Mitral valve stenosis is classified into stages similar to the grades used to classify MR: stage A, at risk of MS; stage B, progressive MS; stage C, asymptomatic severe MS; and stage D, symptomatic severe MS. Patients at risk of MS may have MV doming identified by echocardiography, but with normal transmitral velocities. No intervention is recommended at this stage [26].

Patients with progressive MS may have rheumatic changes with associated commissural fusion and diastolic doming. The planimetered valve area is <1.5 cm2, transmitral flow velocities are increased, and the diastolic pressure half-time is <150 ms. In contrast, both asymptomatic and symptomatic severe MS are associated with similar anatomy on echocardiography but with a planimetered valve area <1.5 cm2, a diastolic pressure half-time >150 ms, and elevated (>30 mmHg) pulmonary artery systolic pressures. Very severe MS is further characterized by MV areas <1 cm2 and diastolic pressure half-times >220 ms. Symptoms associated with MS can include decreased exercise tolerance and exertional dyspnea [26].

For patients with mitral stenosis, percutaneous balloon commissurotomy is often the first-line therapy when anatomically feasible. Candidates for balloon commissurotomy must be free of moderate or severe MR and must have no left atrial thrombus. The AHA/ACC guidelines currently make a class I recommendation for percutaneous balloon commissurotomy in symptomatic patients with severe MS and favorable valve morphology. Furthermore, patients with asymptomatic severe or very severe MS may be considered for balloon commissurotomy. However, for patients with severe symptomatic MS who are not candidates for balloon commissurotomy or for whom it has failed, MV surgery is recommended. Additionally, concomitant MV surgery is recommended for patients with moderate or severe MS undergoing cardiac surgery for other indications. Lastly, MV surgery with ligation of the left atrial appendage can be considered for patients with severe MS who have recurrent embolic events while on anticoagulation [26].

The Current Treatment Paradigm—Natural History of MR and Timing of Surgical Therapy

Medical therapy offers little for the treatment of severe MR, so the current treatment paradigm relies primarily on surgical repair or replacement of the MV. To understand the role and timing of surgical intervention in this current treatment paradigm, one must first consider the risks and benefits of surgical intervention and understand the natural history of MR, and how the interplay of these factors determines the current surgical paradigm for MR.

Surgery for Mitral Regurgitation

Surgical therapy for MR can be broadly grouped into two categories: MV repair and MV replacement. These procedures pose a risk of morbidity and mortality that increases with worsening MR and LV dysfunction [66]. As a result, at later stages of MR, the risks associated with surgery may be prohibitively high, precluding safe surgical intervention. Therefore, one of the major goals in the current treatment paradigm is to identify cases of MR and intervene surgically before the patients become too sick to tolerate surgery and have a low likelihood of surviving the operation.

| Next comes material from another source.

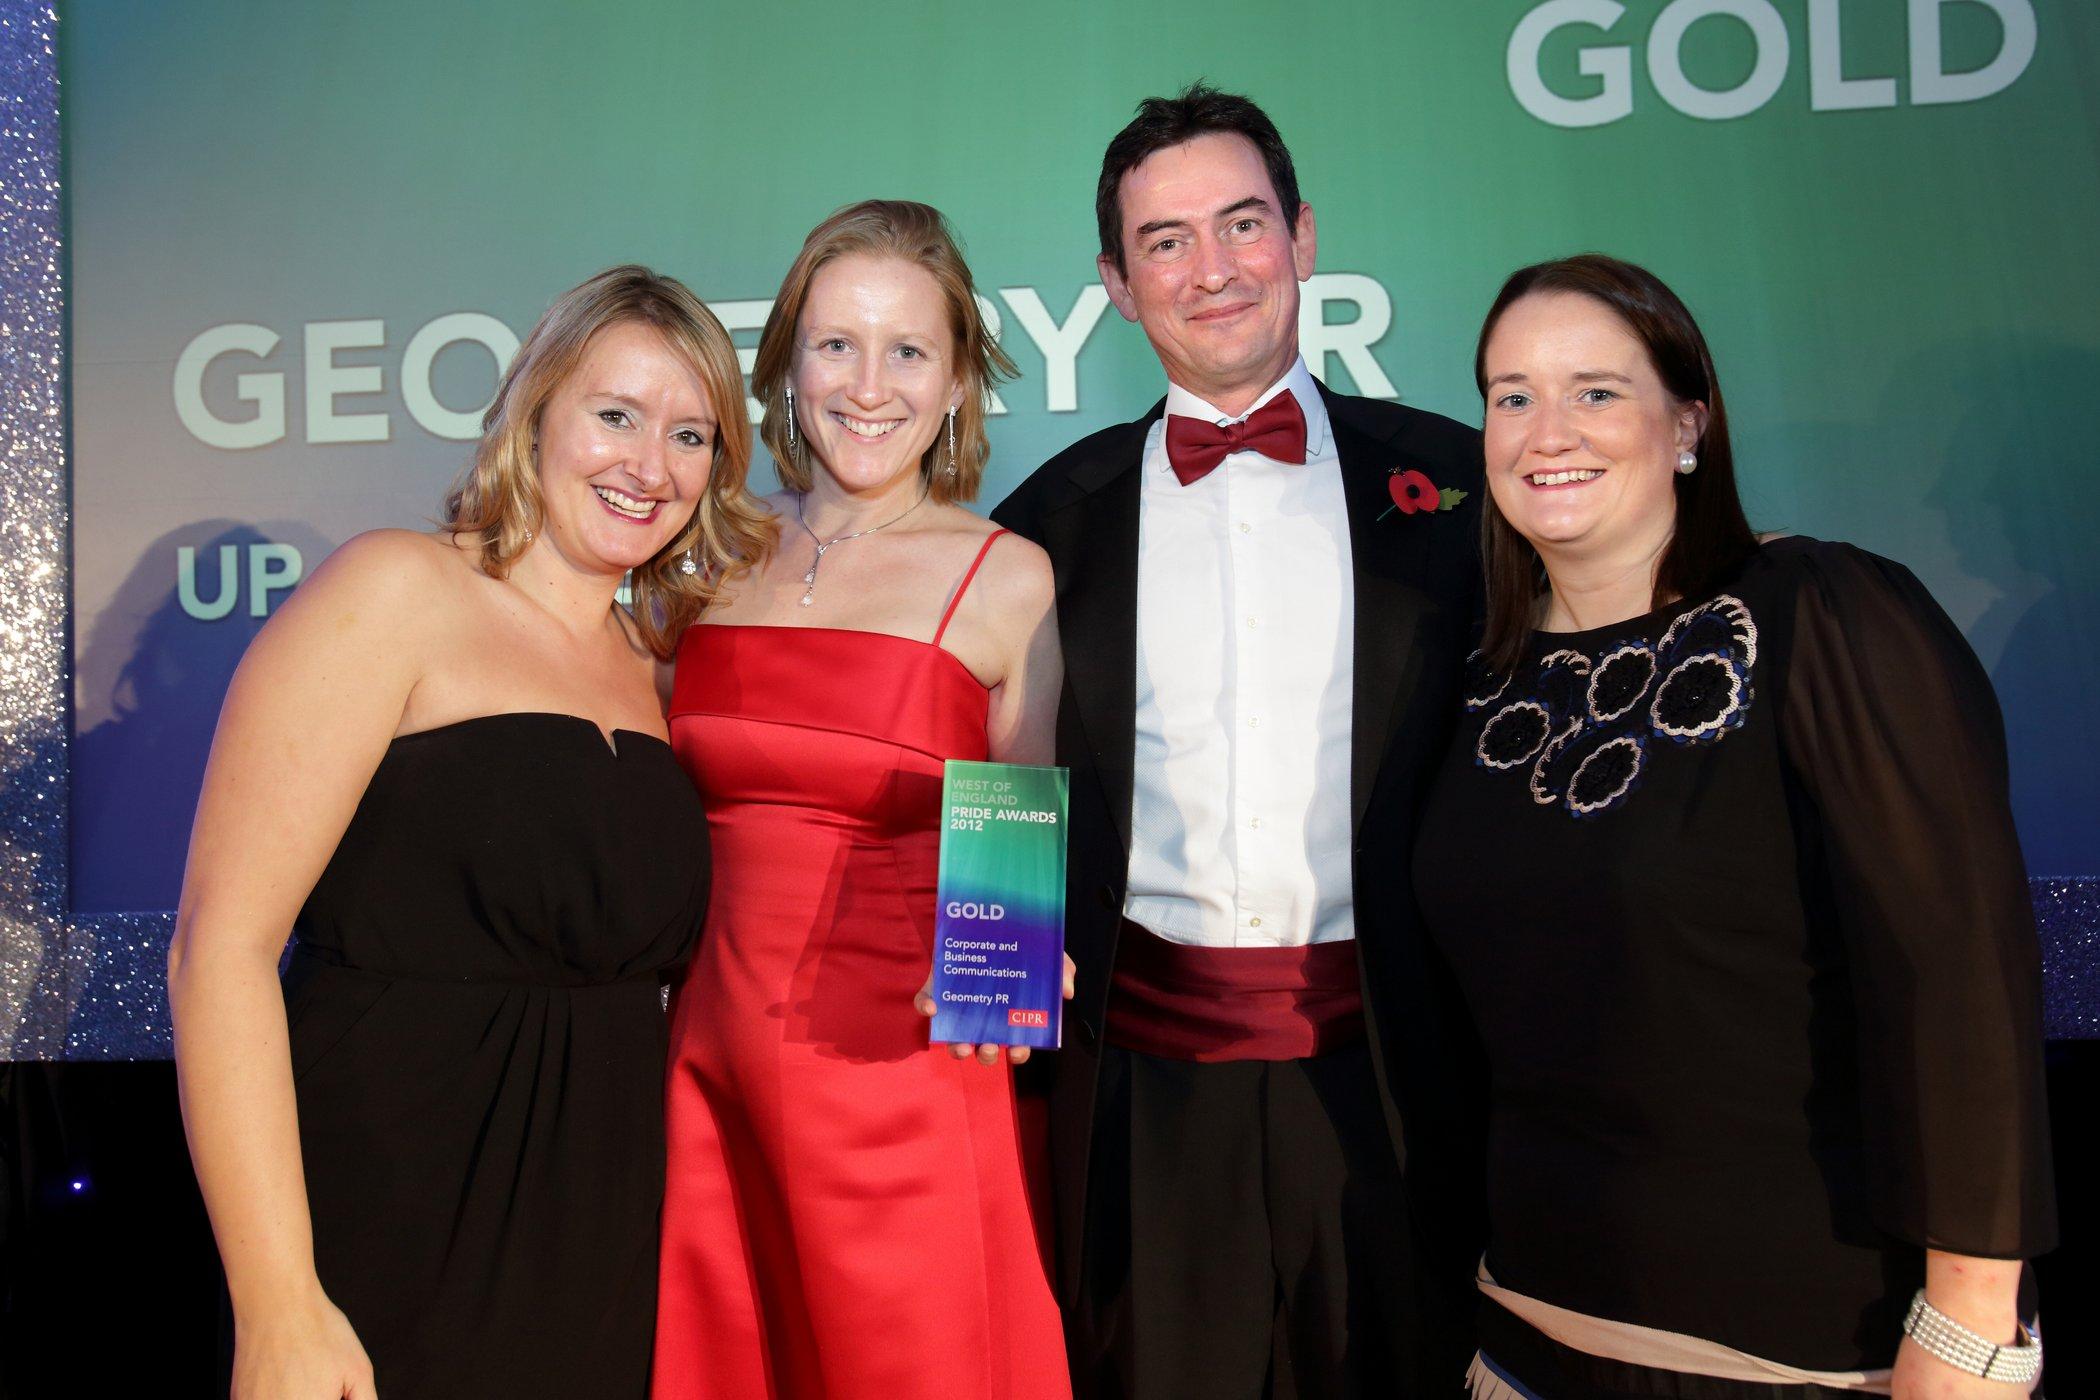 Top PR awards for Bath agencies Media Safari and Geometry

At the other end of the spectrum, with regard to patients with MR and healthy ventricles, surgery is offered only to patients for whom the potential benefits of surgical correction of MR outweigh the risks. In this regard, some patients with MR can be considered “too healthy” for surgery and are monitored for progression of the disease until they fall within the appropriate therapeutic window.

Further complexity arises when the choice is made between MV replacement and repair. Mitral valve replacement involves placing a prosthetic valve in the heart, incurring a lifelong risk of infection. One must also consider the durability of the prosthetic valve. Replacement valves can be broadly categorized into mechanical valves and bioprosthetic tissue valves. Mechanical valves are extremely durable and may last for the patient’s lifetime, but they pose certain risks. These include valve thrombosis and resultant embolization, which can result in stroke or other embolic phenomena, as well as the risk of bleeding incurred by lifelong anticoagulation with warfarin to prevent such thrombosis. Mechanical valves can also fail by developing infra-annular pannus, which impairs leaflet function and reduces the effective orifice area.

Bioprosthetic valves do not necessitate systemic anticoagulation with warfarin and therefore do not pose the attendant risks. However, bioprosthetic valves have limited durability; their life span averages 10–20 years and is lower in younger patients. Significant bioprosthetic valve deterioration then results in the need for reintervention and redo valve replacement, which usually carries a higher risk of morbidity and morbidity than primary valve replacement.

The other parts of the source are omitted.